5 RV32E Base Integer Instruction Set, Version 1.9
This chapter describes a draft proposal for the RV32E base integer instruction set, which is a reduced version of RV32I designed for embedded systems. The only change is to reduce the number of integer registers to 16. This chapter only outlines the differences between RV32E and RV32I, and so should be read after Chapter [rv32].
5.1 RV32E Programmers’ Model
RV32E reduces the integer register count to 16 general-purpose
registers, (x0
–x15
), where x0
is a dedicated zero
register.
We have found that in the small RV32I core designs, the upper 16 registers consume around one quarter of the total area of the core excluding memories, thus their removal saves around 25% core area with a corresponding core power reduction.
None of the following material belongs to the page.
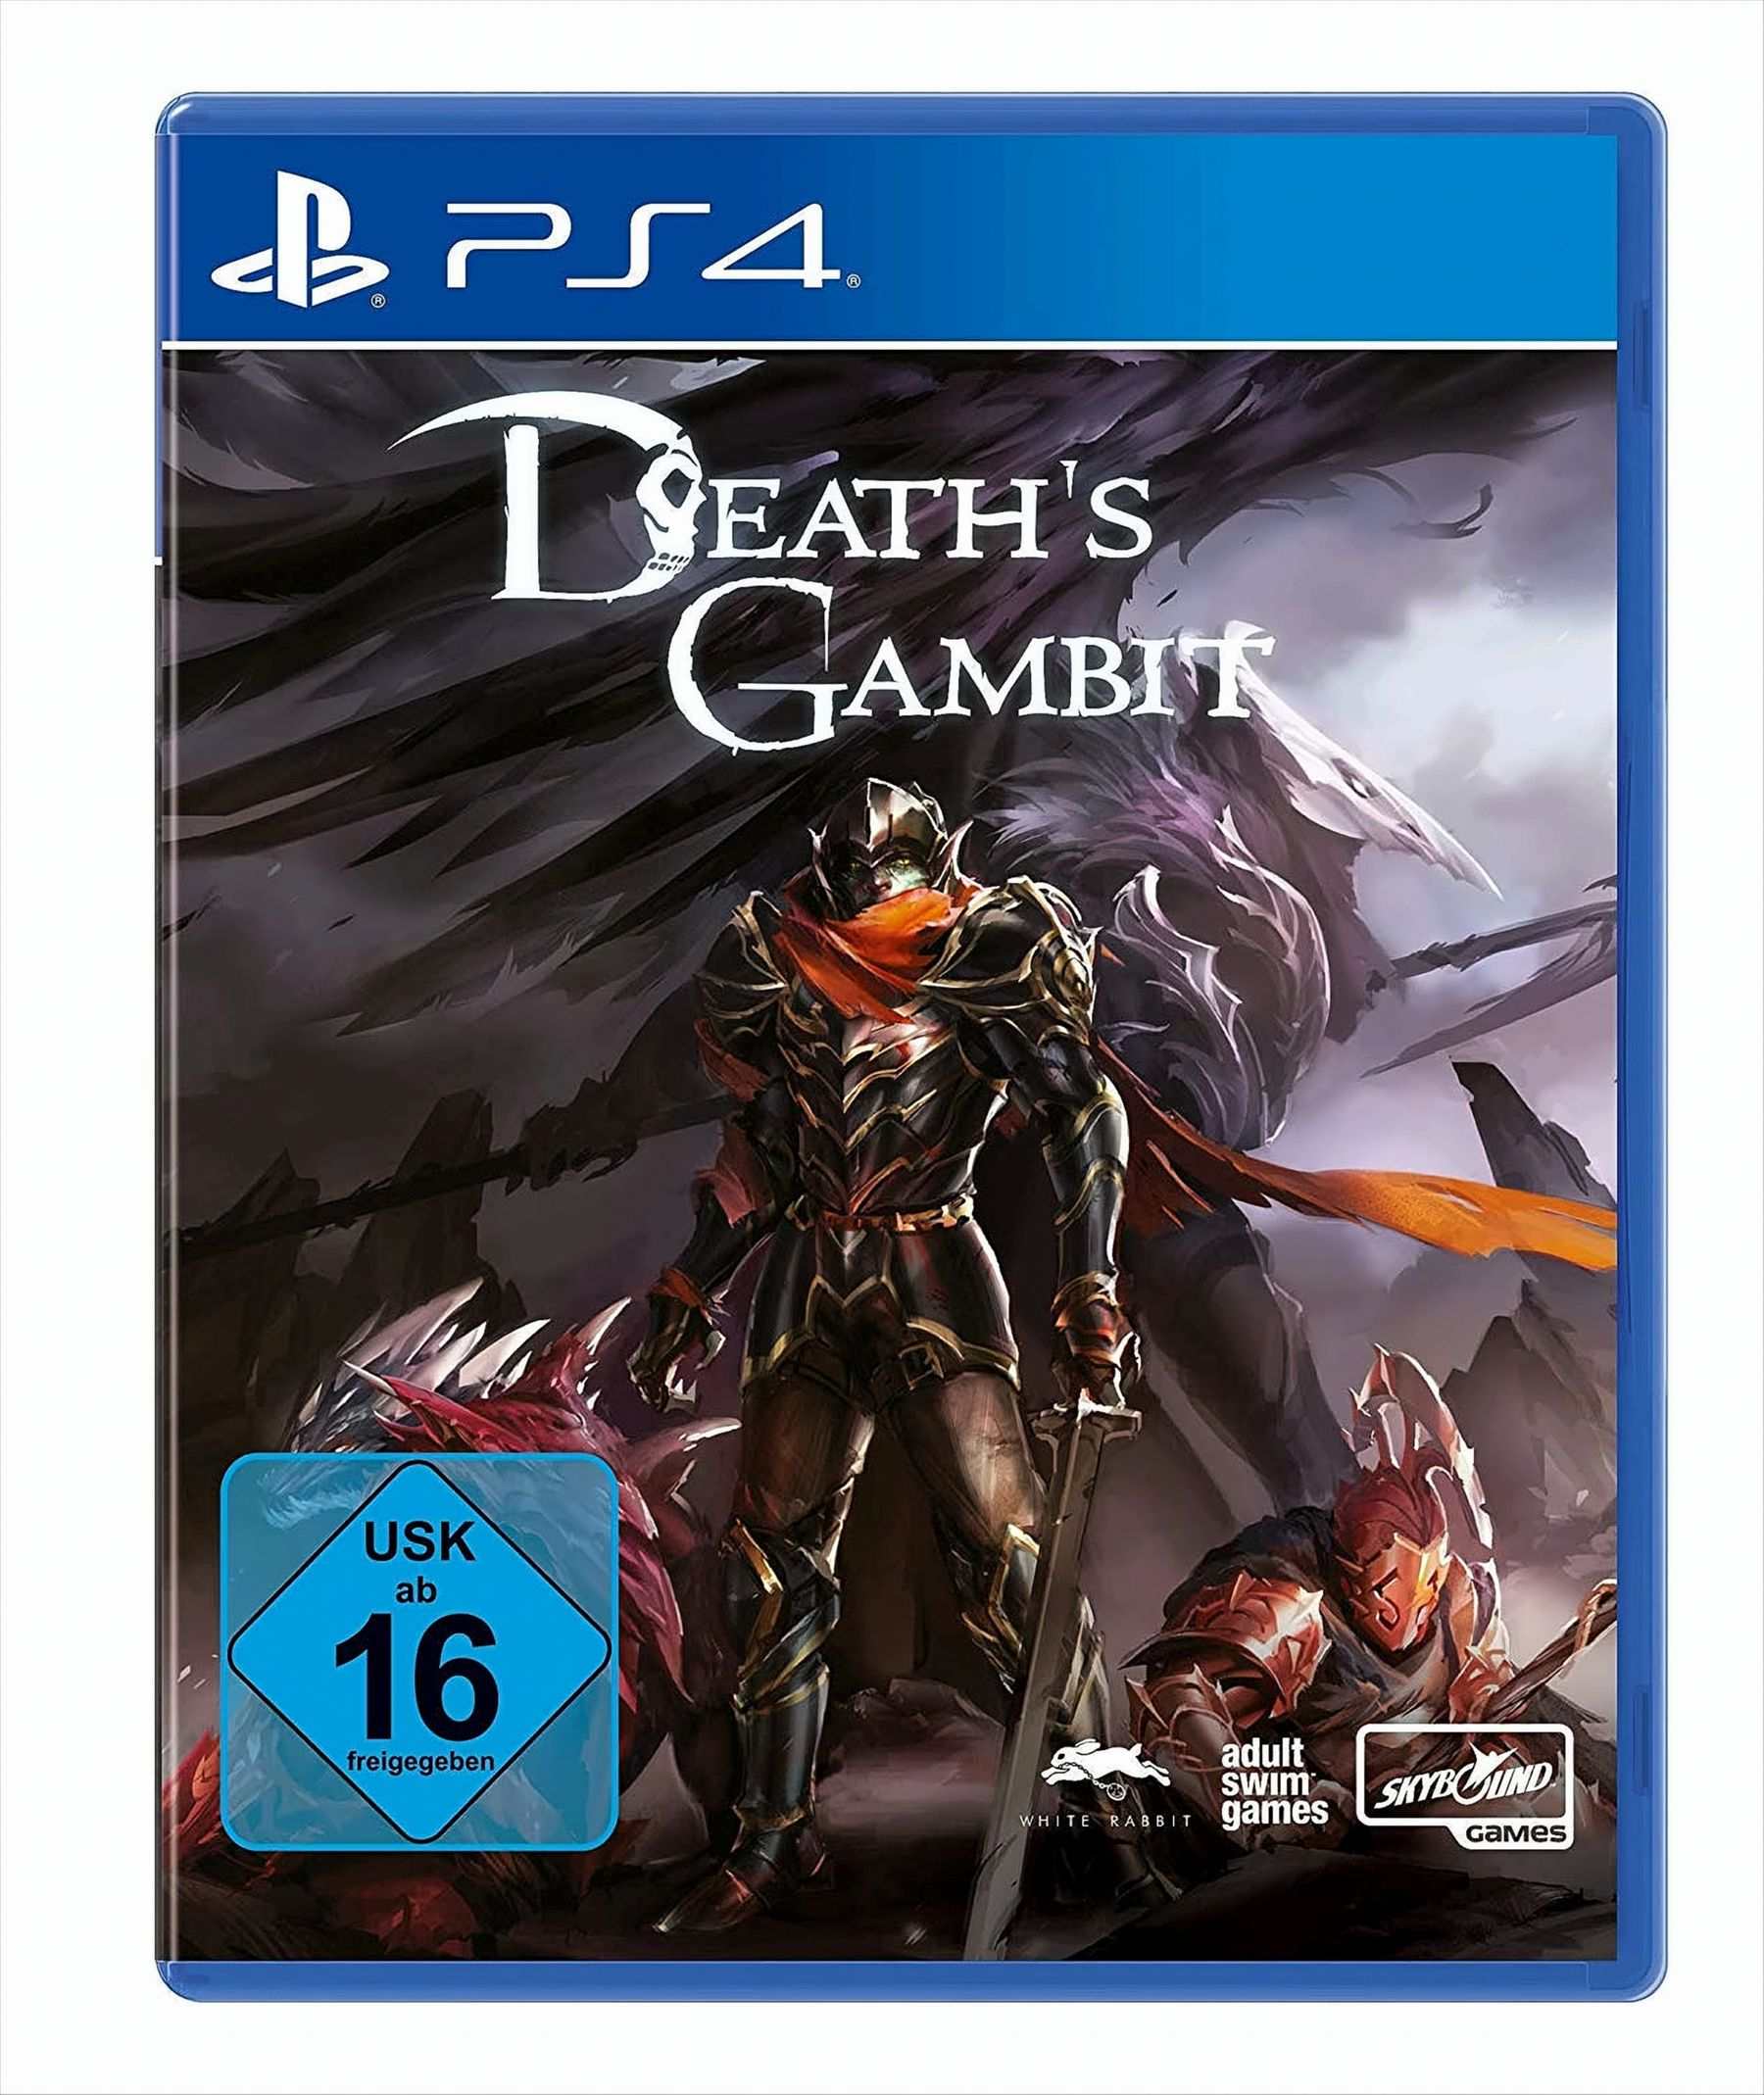 PS-4 4] Gambit - [PlayStation Death

This change requires a different calling convention and ABI. In particular, RV32E is only used with a soft-float calling convention. A new embedded ABI is under consideration that would work across RV32E and RV32I.
5.2 RV32E Instruction Set
RV32E uses the same instruction-set encoding as RV32I, except that
only registers x0
–x15
are provided. Any future standard
extensions will not make use of the instruction bits freed up by the
reduced register-specifier fields and so these are designated for
custom extensions.
RV32E can be combined with all current standard extensions. Defining the F, D, and Q extensions as having a 16-entry floating point register file when combined with RV32E was considered but decided against. To support systems with reduced floating-point register state, we intend to define a “Zfinx” extension that makes floating-point computations use the integer registers, removing the floating-point loads, stores, and moves between floating point and integer registers.
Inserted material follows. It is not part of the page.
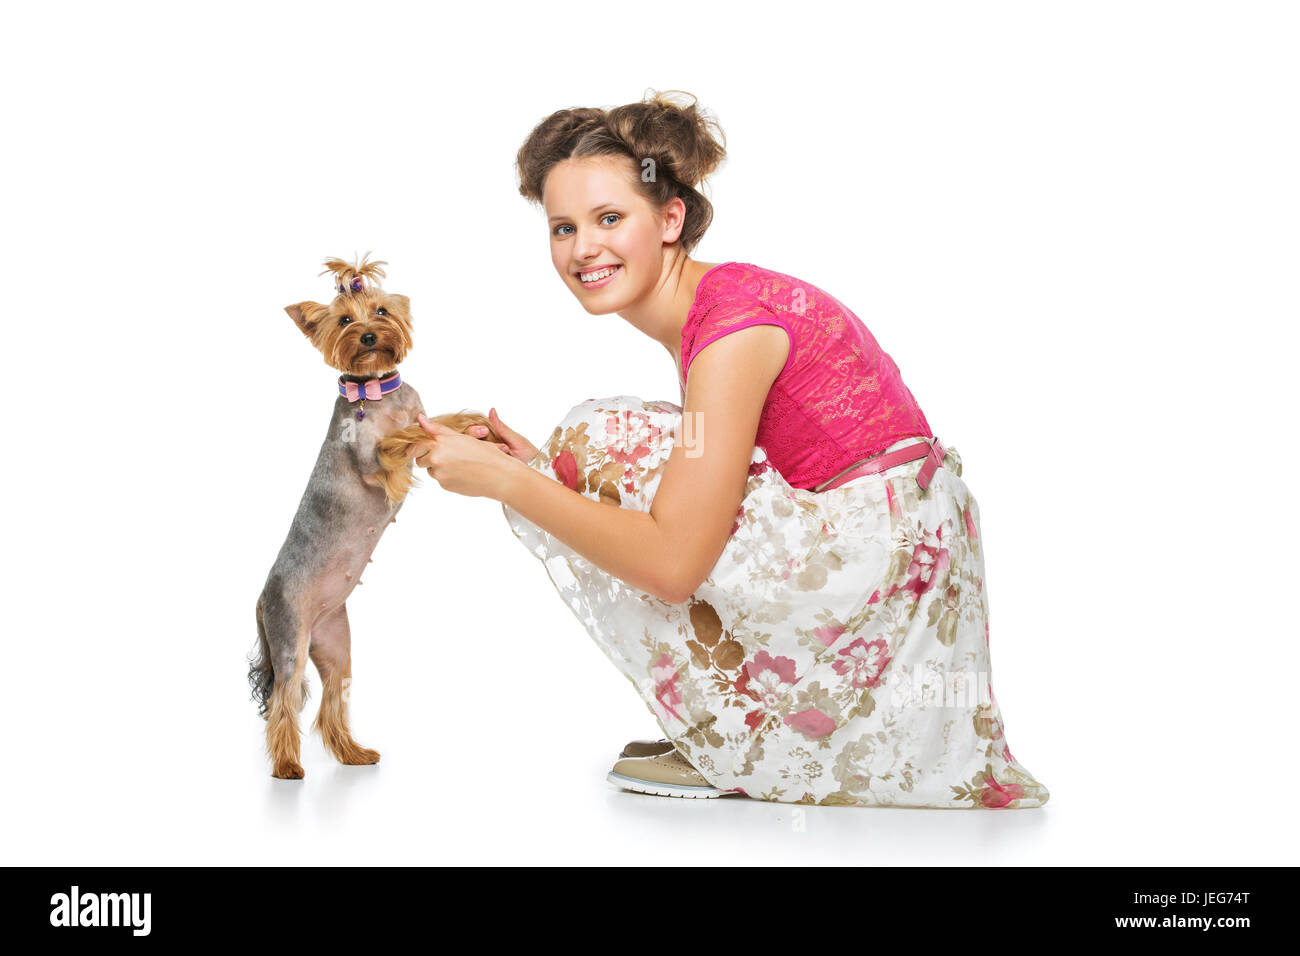 Girl with yorkie dog Stock Photo

RV32E was designed to provide an even smaller base core for embedded microcontrollers. Although we had mentioned this possibility in version 2.0 of this document, we initially resisted defining this subset. However, given the demand for the smallest possible 32-bit microcontroller, and in the interests of preempting fragmentation in this space, we have now defined RV32E as a fourth standard base ISA in addition to RV32I, RV64I, and RV128I. There is also interest in defining an RV64E to reduce context state for highly threaded 64-bit processors.